Larangan Bangun di Lahan Fasilitas Umum dan Aset Pemda
Junda Maulana mengingatkan agar bantuan tidak diberikan kepada warga yang menempati lahan milik pihak lain, termasuk tanah yang berstatus aset pemerintah kabupaten, provinsi, maupun fasilitas umum. “Jangan sampai rumah dibangun di atas tanah orang lain, kawasan fasilitas umum, ruang publik, atau aset pemerintah. Hal seperti ini harus diantisipasi sejak awal,” ujarnya dalam rapat tersebut.
Sekda juga meminta setiap calon penerima wajib memiliki alas hak atau dokumen kepemilikan tanah yang sah. Menurutnya, rumah yang berdiri di atas tanah tanpa kejelasan status justru akan menimbulkan persoalan hukum baru bagi masyarakat miskin yang menjadi sasaran program.
Data Penerima Harus Valid, Proses Sertifikat Tanah Dipercepat
Untuk memastikan program berjalan tepat sasaran, Junda memerintahkan seluruh pemerintah kabupaten segera menyusun data calon penerima manfaat yang akurat dan sesuai kriteria. Ia juga mendorong Kantor Pertanahan di masing-masing daerah mempercepat penyelesaian legalitas tanah agar tidak menjadi hambatan teknis.
“Kami berharap kantor pertanahan di setiap kabupaten memberikan dukungan penuh dalam percepatan legalitas tanah agar program ini berjalan sesuai target,” tegasnya.
Selain bantuan pembangunan rumah, pemerintah juga akan menerbitkan sertifikat tanah secara gratis bagi penerima BSPS. Langkah ini sekaligus memberikan kepastian hukum atas kepemilikan lahan dan bangunan bagi masyarakat berpenghasilan rendah.

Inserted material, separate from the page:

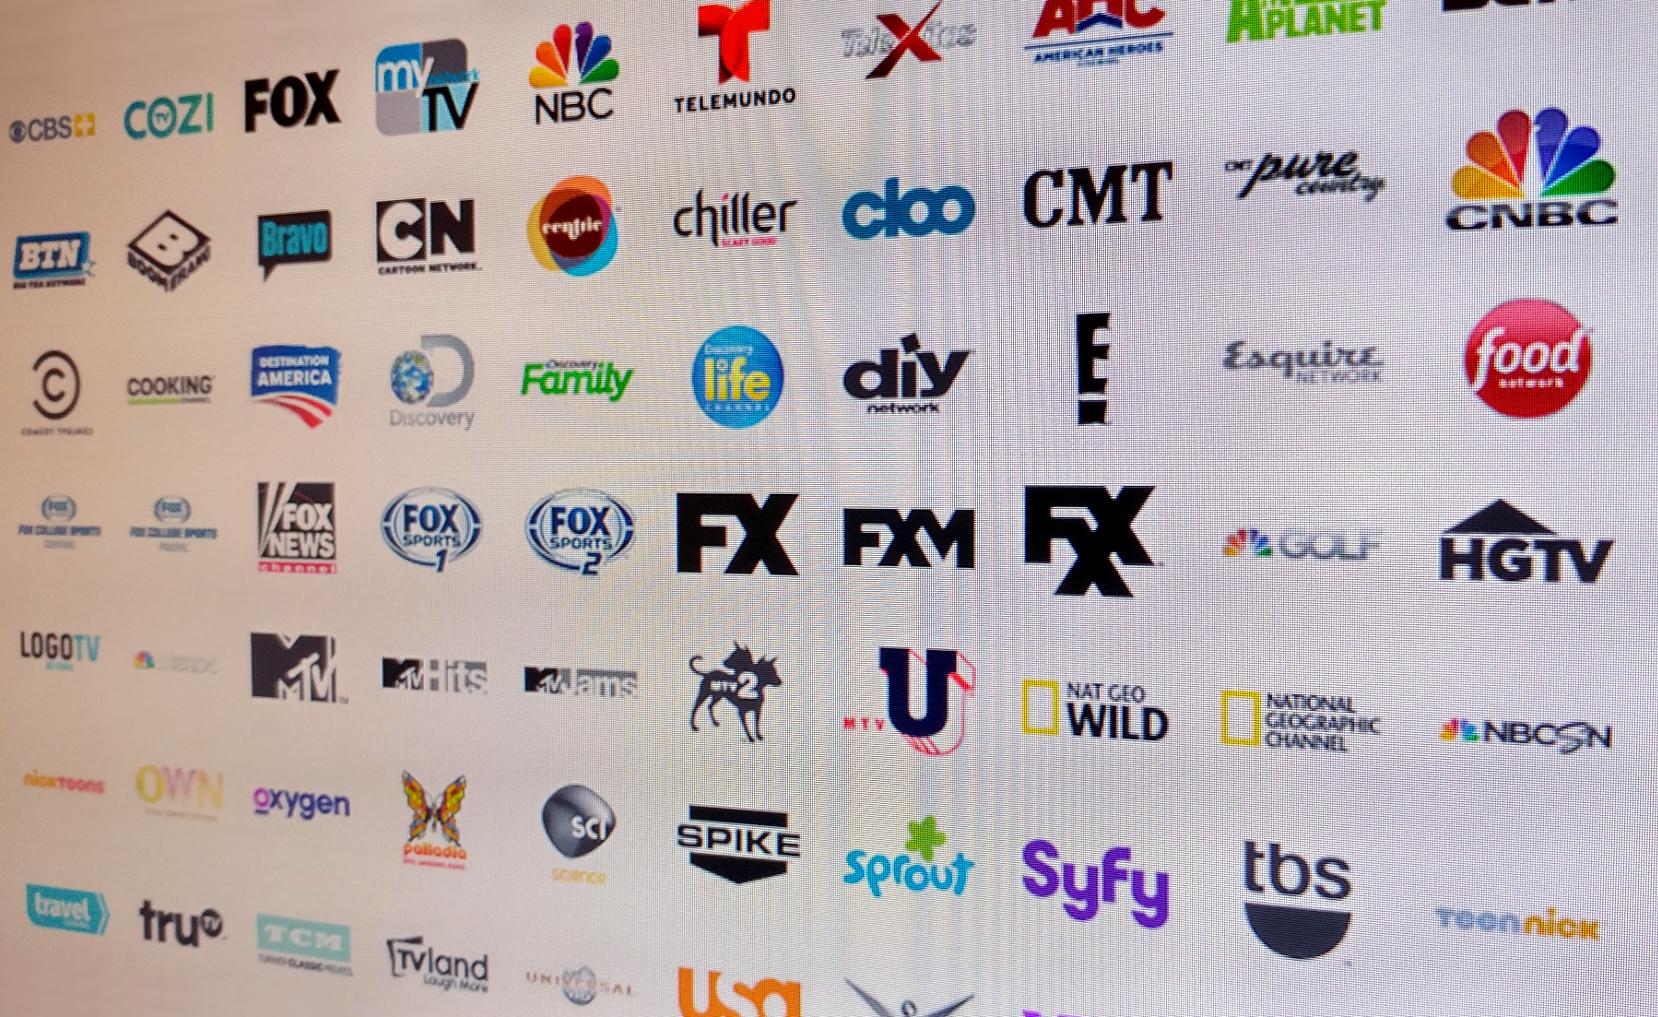 Youtube Tv Vs Playstation Vue Vs Sling Tv Vs Directv Now

Transparansi dan Koordinasi Jadi Kunci Agar Manfaat Maksimal
Junda menekankan bahwa pelaksanaan BSPS harus transparan dan akuntabel. Ia meminta setiap kendala di lapangan segera dilaporkan, baik ke tingkat provinsi maupun kabupaten. “Kalau ada persoalan, jangan didiamkan. Segera laporkan. Jika tidak bisa diselesaikan di tingkat kabupaten, laporkan ke provinsi agar kita bisa mencari solusi bersama,” katanya.

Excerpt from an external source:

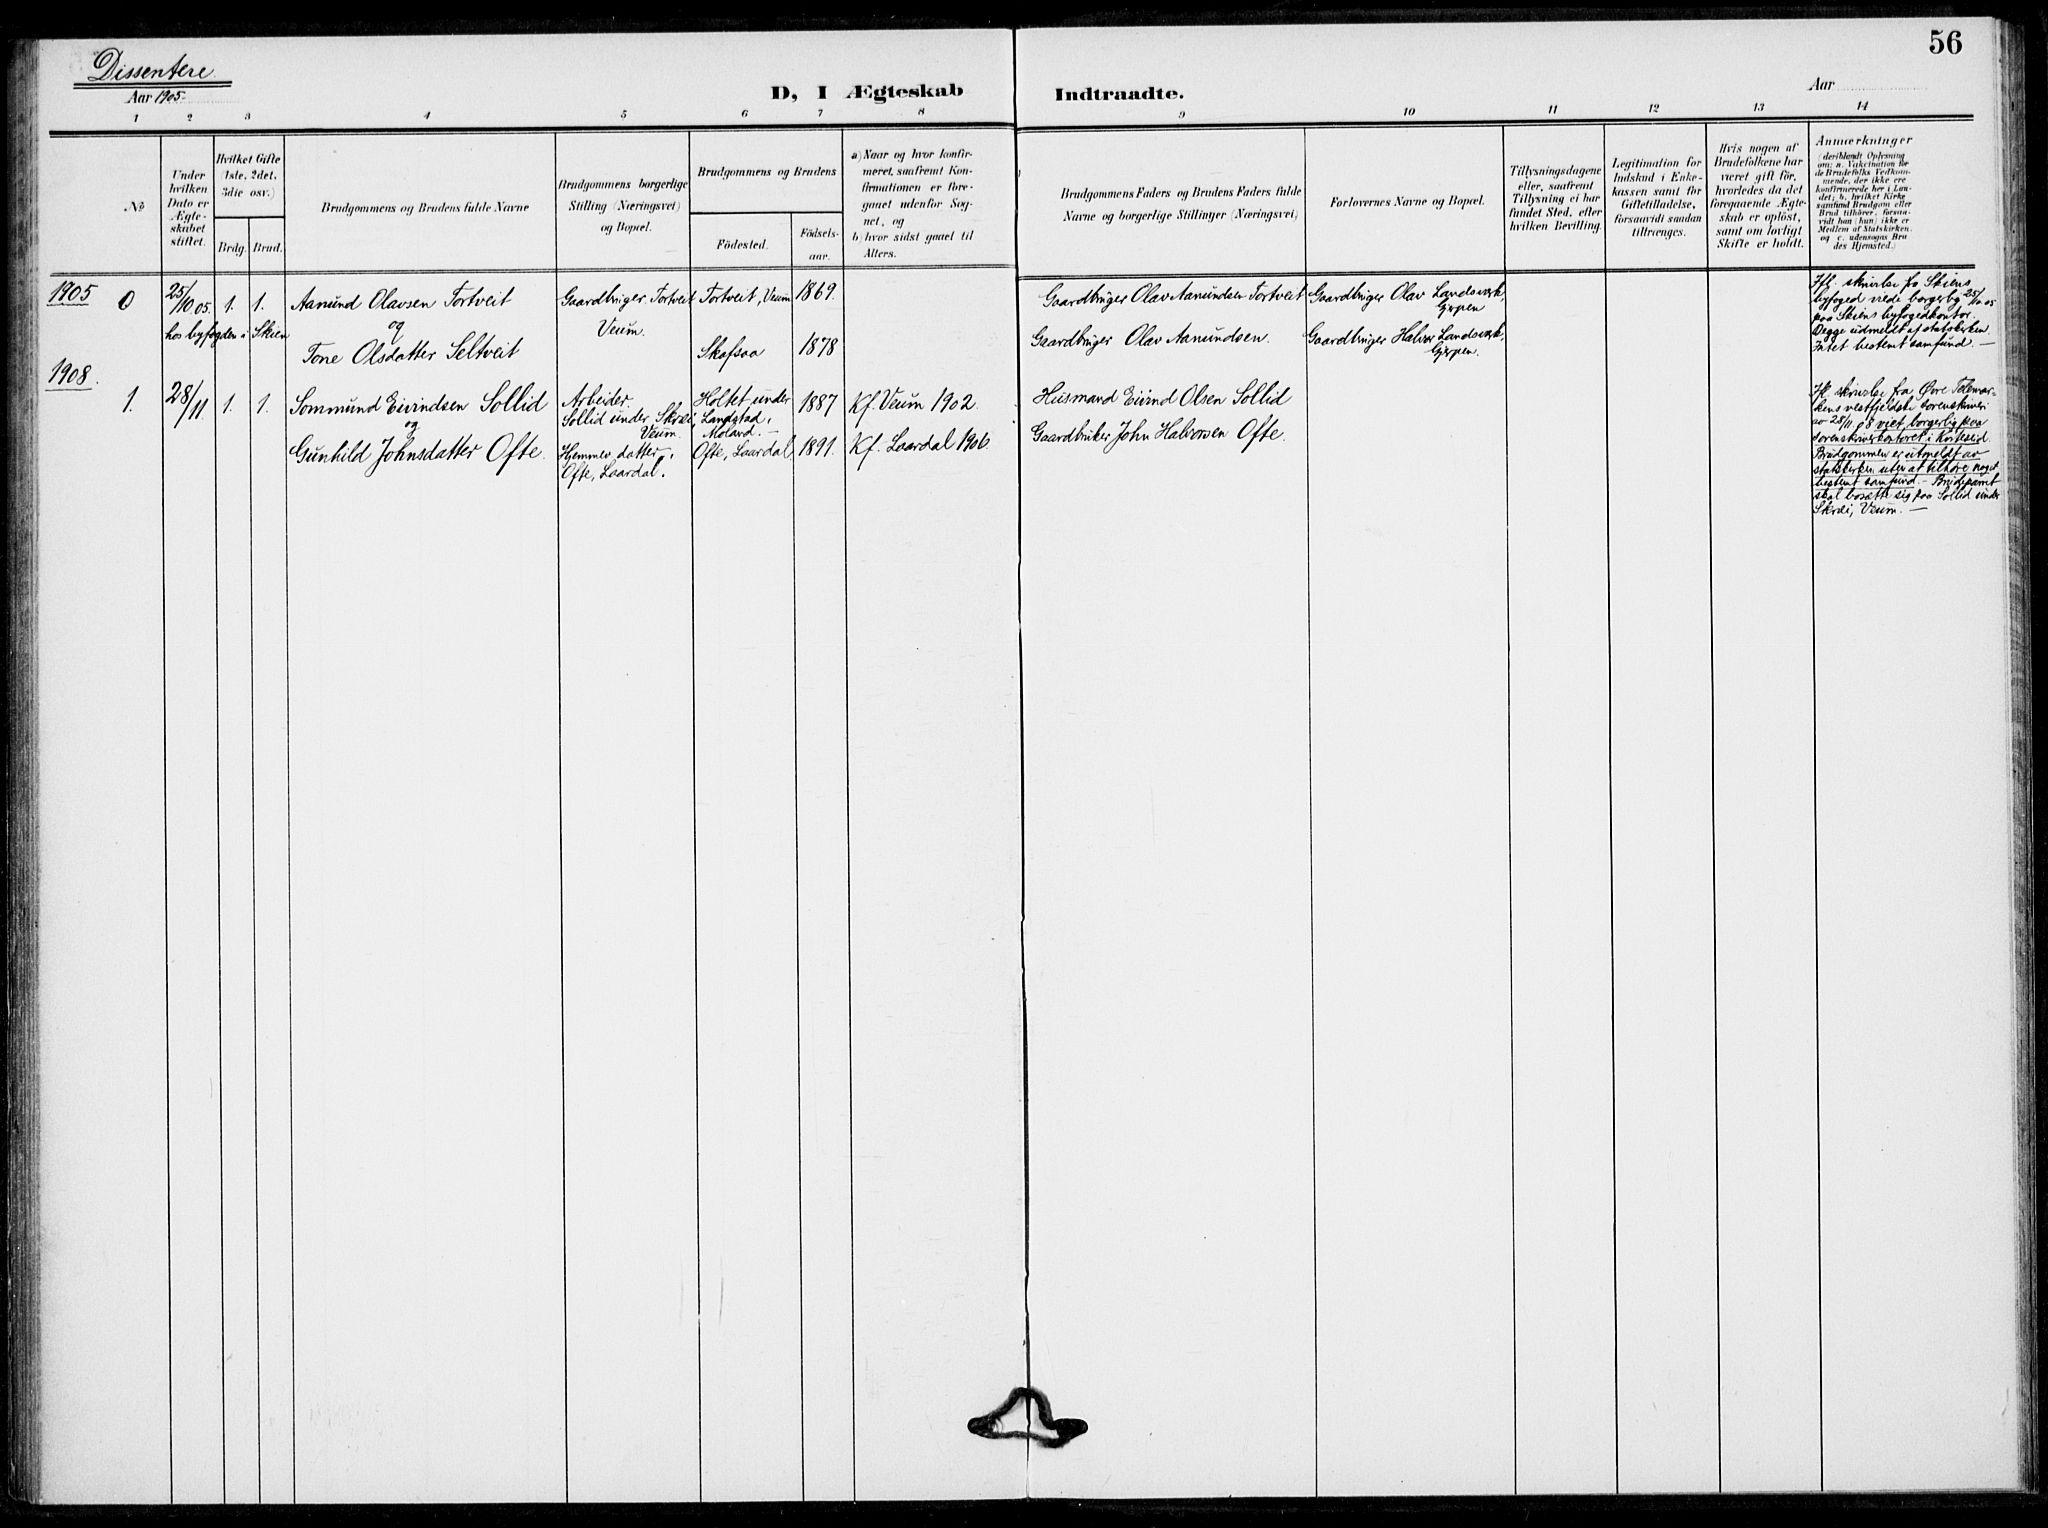 SAKO, Fyresdal kirkebøker, F/Fb/L0004: Parish register (official) no. II 4, 1903-1920, p. 56

Dengan alokasi rumah terbanyak di Mamuju Tengah dan Polewali Mandar, pemerintah daerah menargetkan program ini mampu menekan angka kemiskinan melalui penyediaan hunian layak. Namun, Junda mengingatkan bahwa kebijakan yang baik akan sia-sia jika implementasinya tidak tepat. “Yang tidak kalah penting adalah penyamaan persepsi. Kebijakannya bisa saja sudah baik, tetapi jika implementasinya tidak tepat, maka manfaat program tidak akan maksimal,” pungkasnya.